If you caught only a quick glimpse at Nero, you might think he’s a bear. You certainly wouldn’t be the first. But Nero is just a fluffy black Newfoundland, and, as his friends at Salisbury Community Dog Park know, a gentle giant. 

Salisbury Community Dog Park was built in 2014 on vacant land inside Mary Peters Park. In the years since, it has become a hub for dog owners and their furry friends, who come not only from Salisbury and nearby towns like Lakeville, but from as far as New York City and Massachusetts to unleash their dogs on the acre or so of fenced-in grass.

Bill Littauer, the treasurer of the group that oversees and maintains the park, has been there since the beginning, and he says that community is key.

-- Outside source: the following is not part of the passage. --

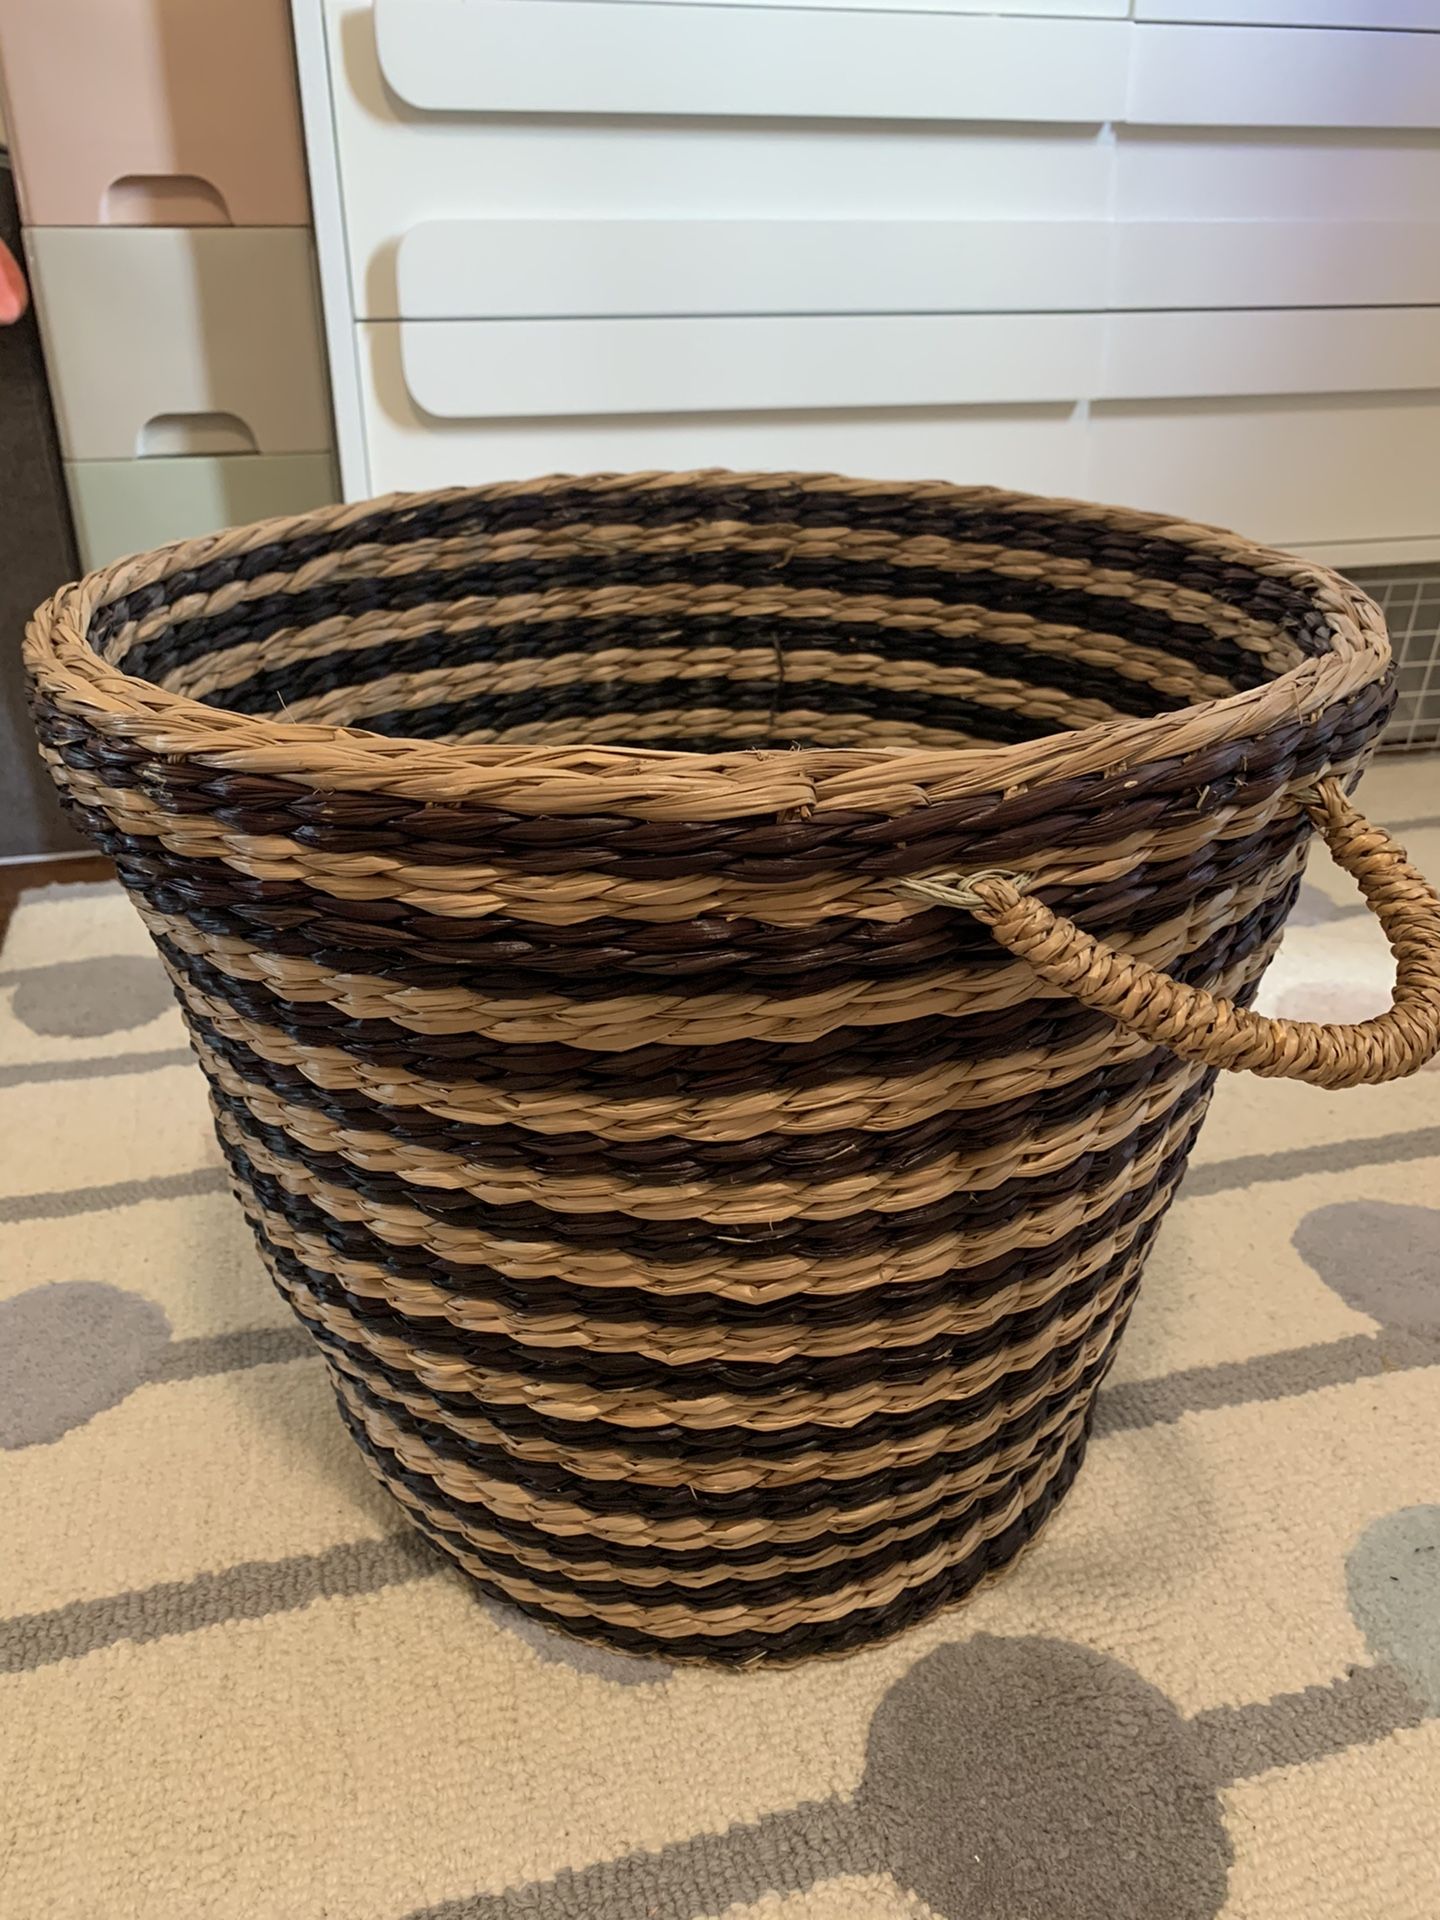 Basket and Yarn

“Most dog parks are built by the towns or cities that they’re in. But ours relies on volunteers,” he said. “And it’s been growing. It’s been doing pretty well. It’s well supported.” 

In addition to a PayPal account, the group also has donation boxes in the park and at the local pet and liquor stores. It also sends out the occasional fundraising e-mail to its list of about 168 donors; its most recent one raised $2,800 in a week, he said. The funds go toward things like grass maintenance — mowing and reseeding — and snow plowing in the winter, as well as buying supplies like garbage bags and water for the dogs.

“Everybody pitches in when they have to,” Littauer said.

In late July, the volunteer group used some leftover funds to erect a new structure in the park: a 14-by-20-foot gazebo, which fits like a glove on a stone terrace that had been installed a few years ago to solve a drainage problem.

It came from Amazon in about a million different pieces with no written directions, Littauer said, but using an accompanying booklet of graphics and a method of trial and error, volunteers were able to assemble the gazebo in about a week.

“It’s worked out really quite well,” said Sue Reville, one of the group’s board members. “We needed something. You know, protection from the sun and the rain.” 

The gazebo provides that protection, but with no walls, it’s still open enough to let owners watch their dogs run and play. 

The land upon which the dog park sits was once a thriving resort, complete with tennis courts, a golf course, stables, a social hall and other amenities that would become standard fare for the luxurious camps of the early 20th century.

It first opened in 1917, just a week after the U.S. entered World War I, as Camp Wonoka. It would later be renamed to Cedar Hills, and then to Camp Cedars. But in 1955, what remained of the facility, withered by the Second World War, was mostly washed away in the floodwaters of back-to-back hurricanes Connie and Diane. All 90 of its buildings were damaged or destroyed, and by 1971, no trace of it remained.

Two tennis courts once occupied the space that now comprises the dog park, which offers two separate enclosures for small and large dogs respectively. Regulars gather under the new gazebo to chat while their dogs burn off excess energy chasing balls and digging holes.

“It’s definitely a community,” Reville said.

For Littauer, the most important thing is that people know the park is there, and that they’re welcome to visit.

“If we’re putting the effort into it, we want people to use it,” he said.